Exclude the pictures and reproduce the remaining data exactly as written.
START Data provided
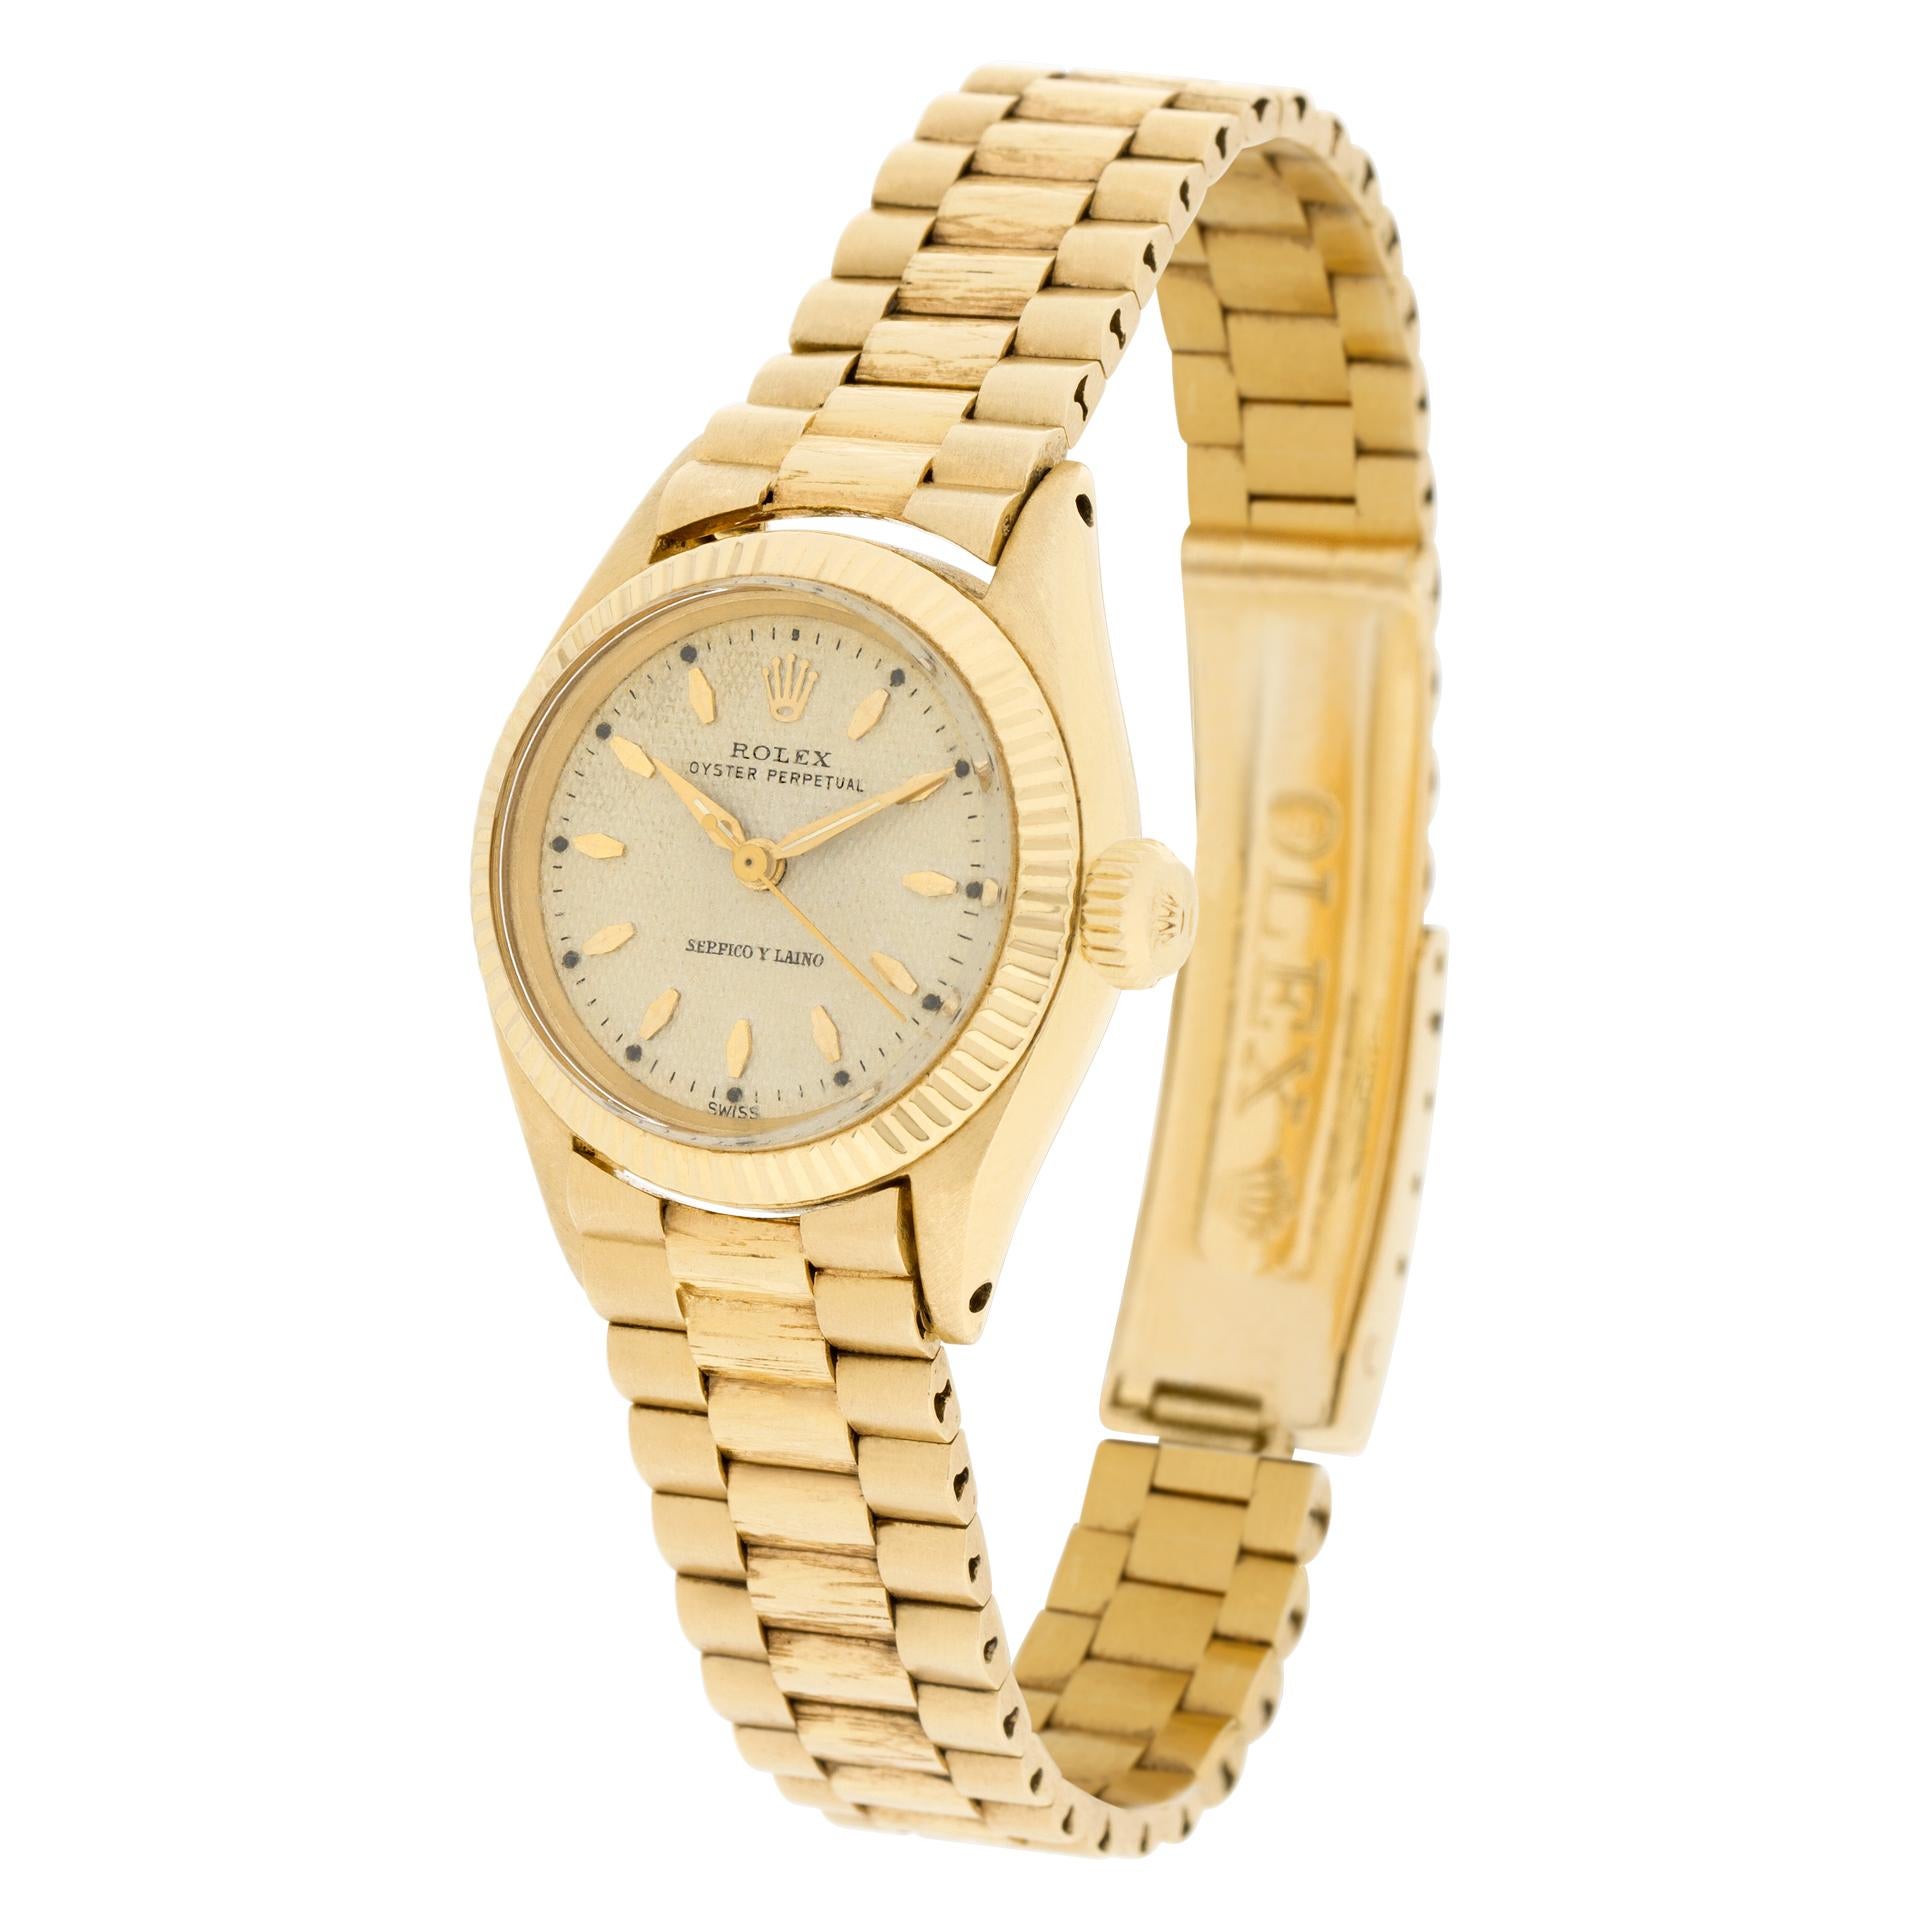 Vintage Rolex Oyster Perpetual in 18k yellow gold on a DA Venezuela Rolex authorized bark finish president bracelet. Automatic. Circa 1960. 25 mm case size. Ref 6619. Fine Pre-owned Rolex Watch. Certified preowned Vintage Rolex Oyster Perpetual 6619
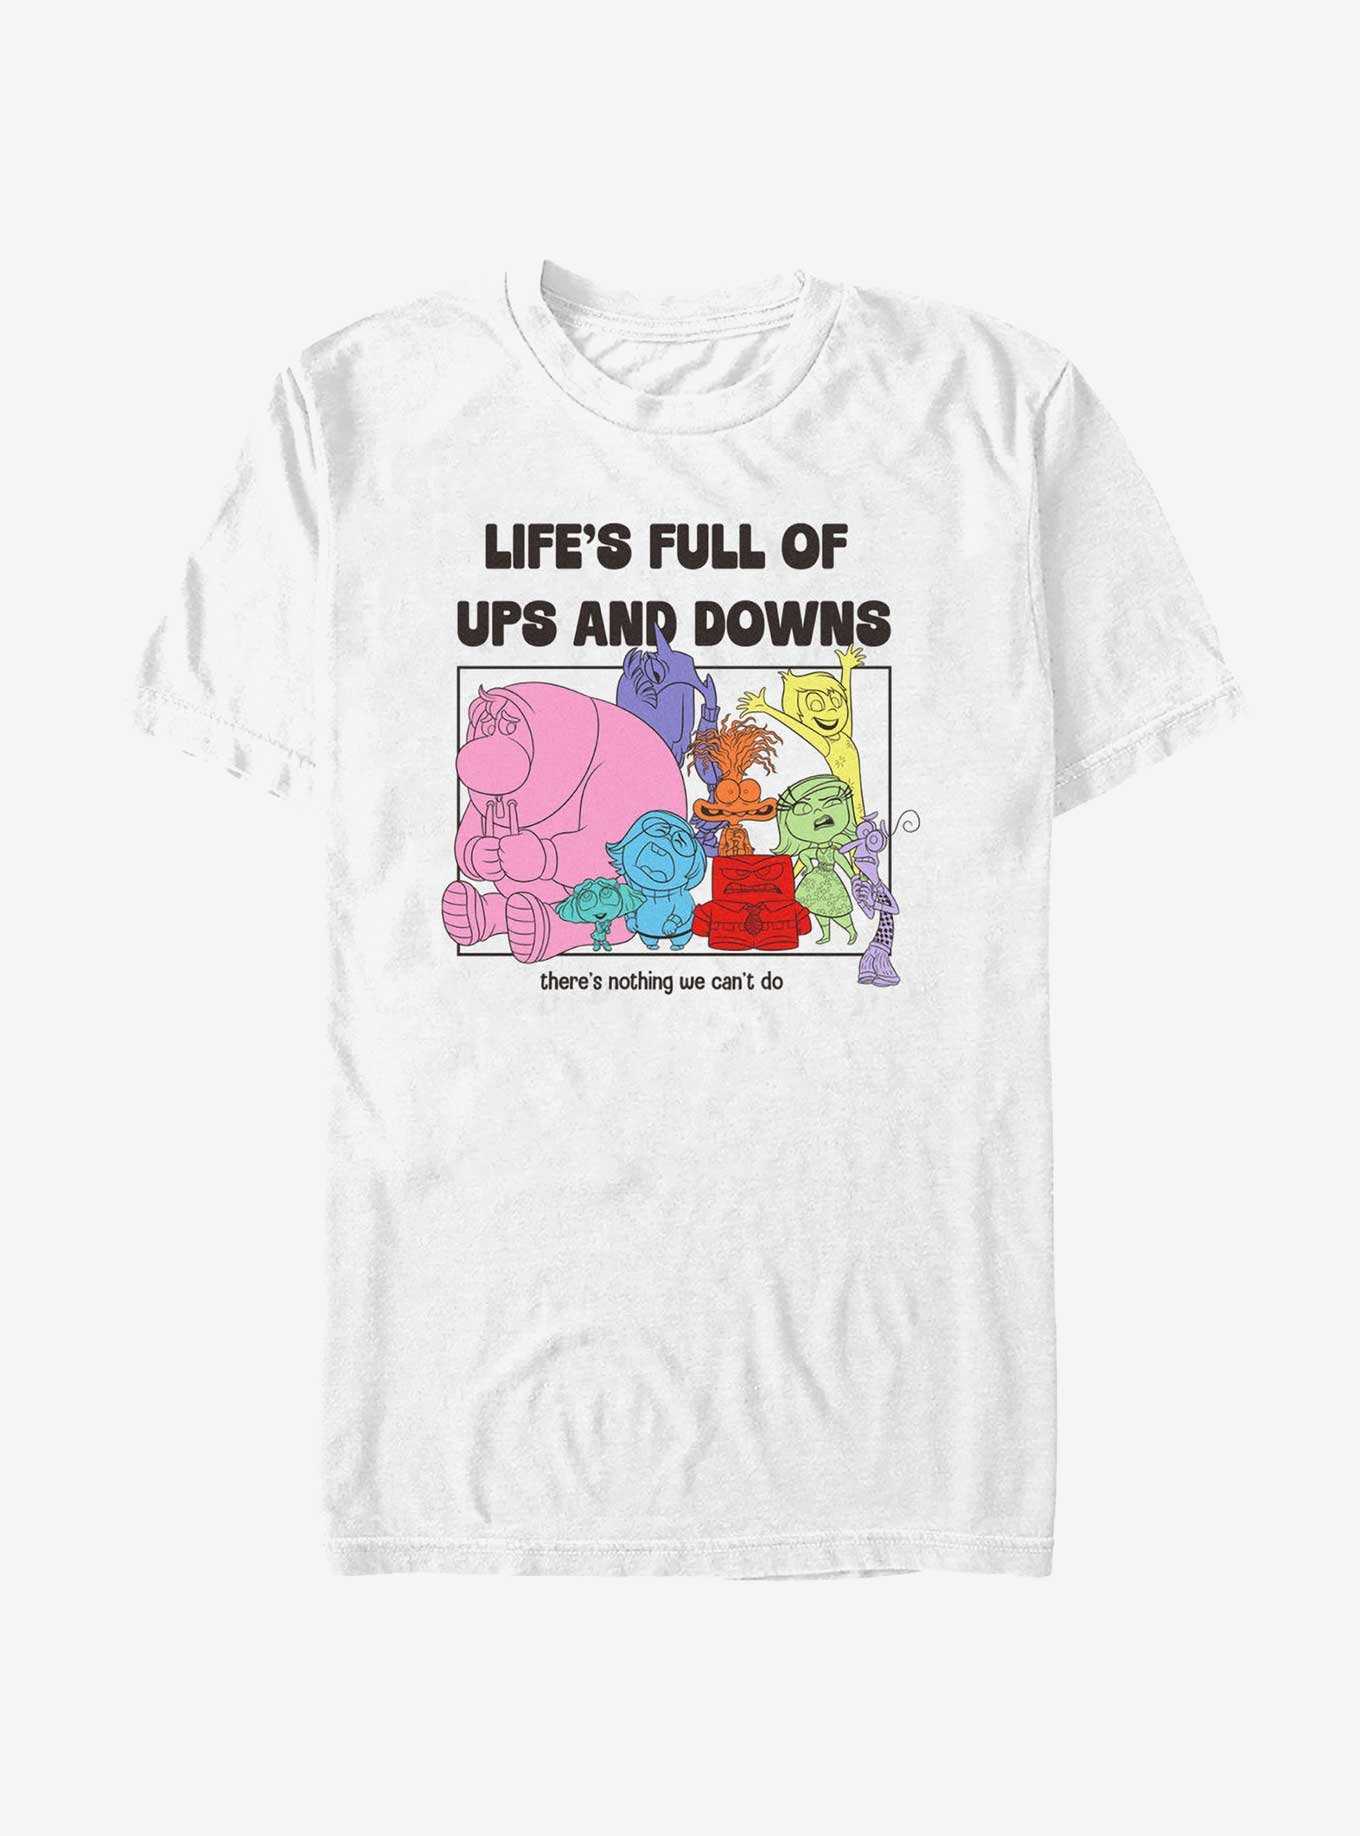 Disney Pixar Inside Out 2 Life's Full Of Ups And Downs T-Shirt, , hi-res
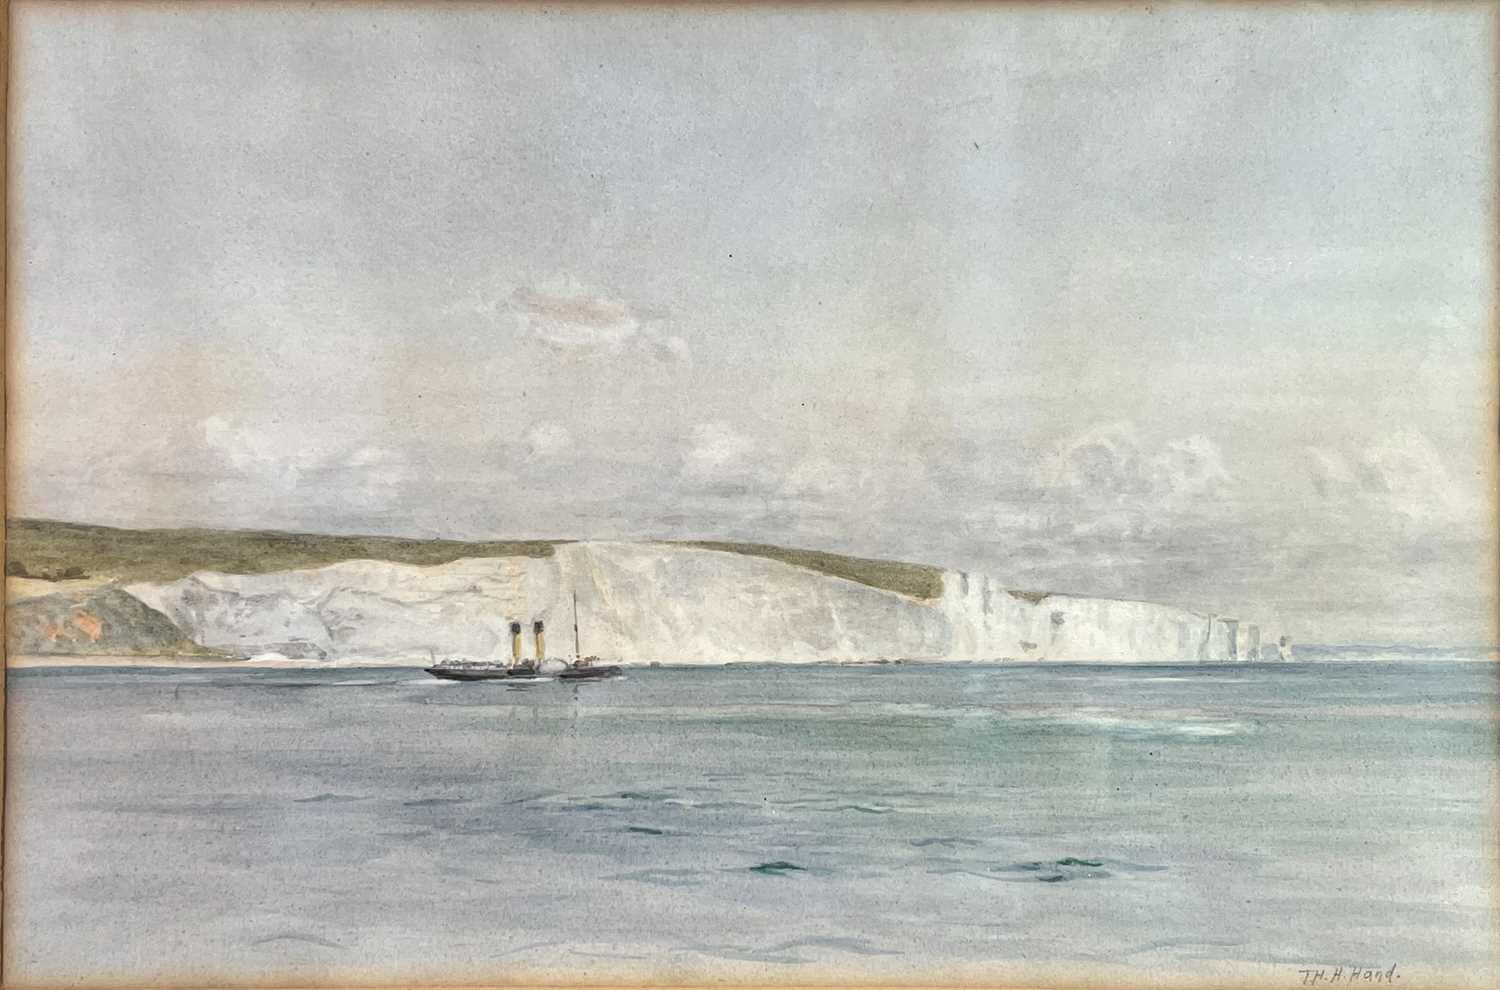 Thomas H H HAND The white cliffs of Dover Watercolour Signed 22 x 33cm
END Data provided
» Task output:
 Vintage Rolex Oyster Perpetual in 18k yellow gold on a DA Venezuela Rolex authorized bark finish president bracelet. Automatic. Circa 1960. 25 mm case size. Ref 6619. Fine Pre-owned Rolex Watch. Certified preowned Vintage Rolex Oyster Perpetual 6619
 Disney Pixar Inside Out 2 Life's Full Of Ups And Downs T-Shirt, , hi-res
 Thomas H H HAND The white cliffs of Dover Watercolour Signed 22 x 33cm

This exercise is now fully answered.